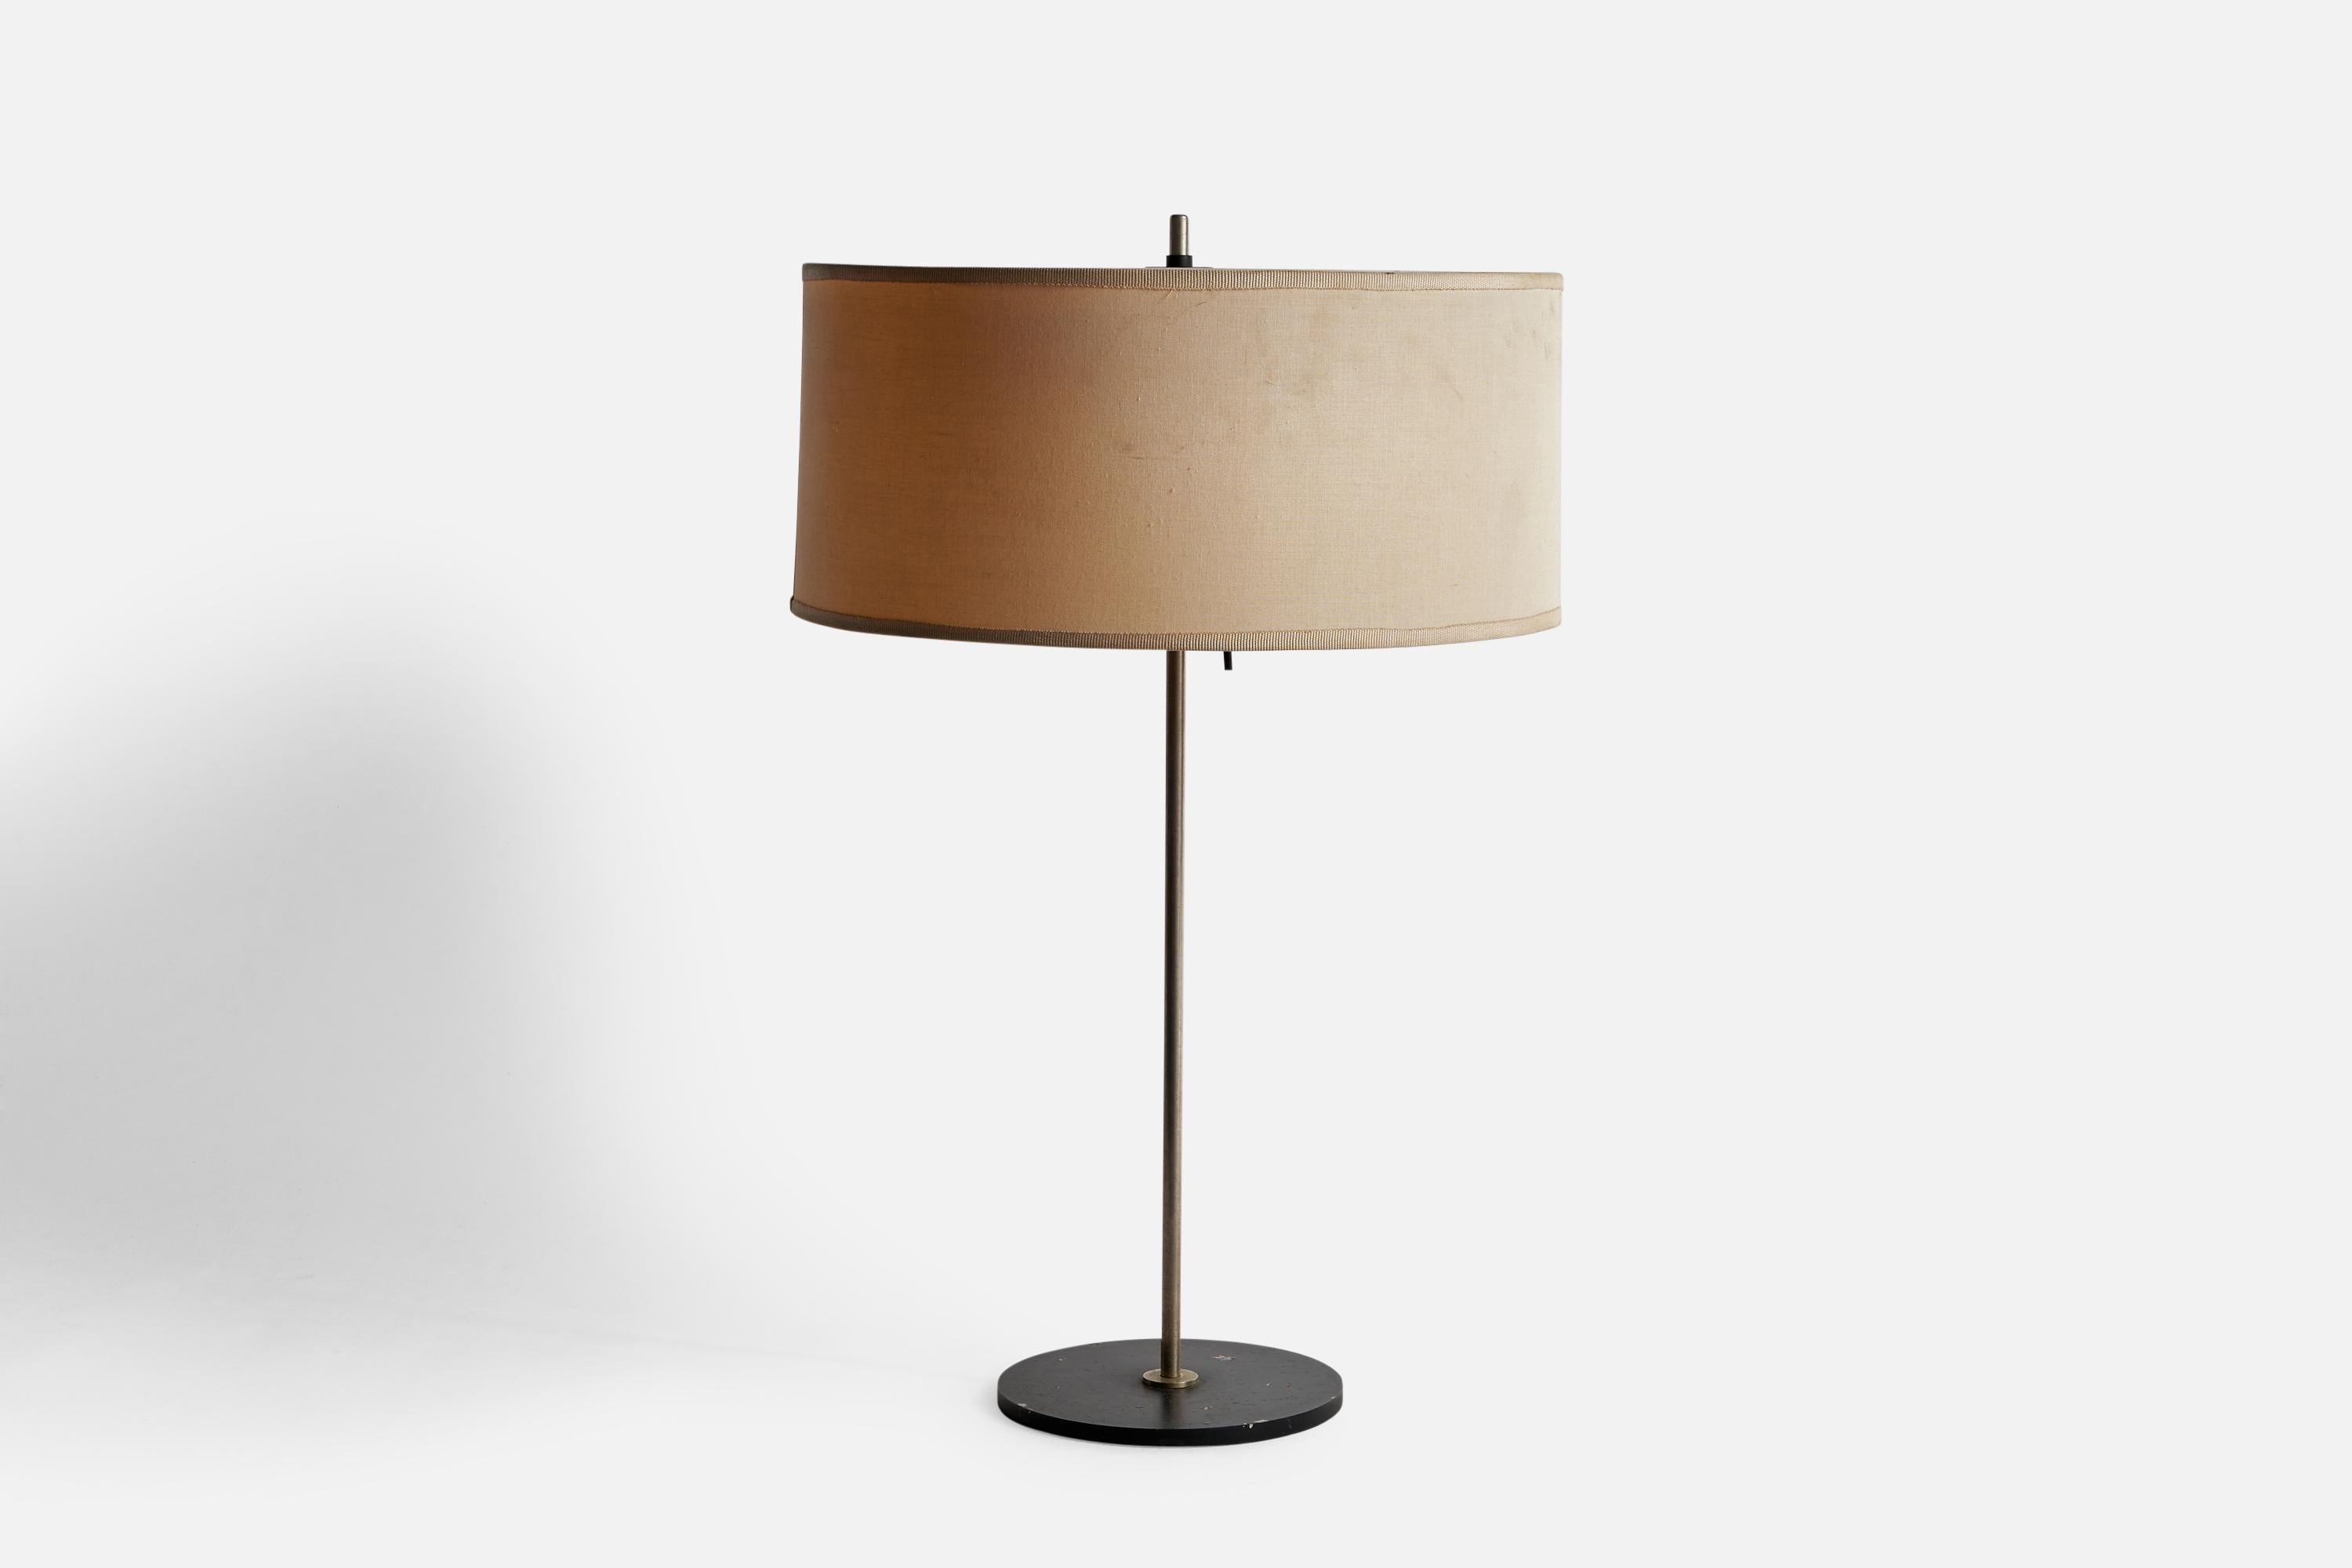 An adjustable steel, black-lacquered metal and off-white fabric table lamp attributed to Angelo Ostuni, Italy, c. 1960s.

Overall Dimensions (inches): 20.75” H x 13” Diameter
Shade height is adjustable
Bulb Specifications: E-26 Bulbs
Number of

- - -

# What is required
Would you transcribe exactly the lines from the one containing "Shade height is adjustable" to the end of the material, and leave out the rest?

# Task result
Shade height is adjustable
Bulb Specifications: E-26 Bulbs
Number of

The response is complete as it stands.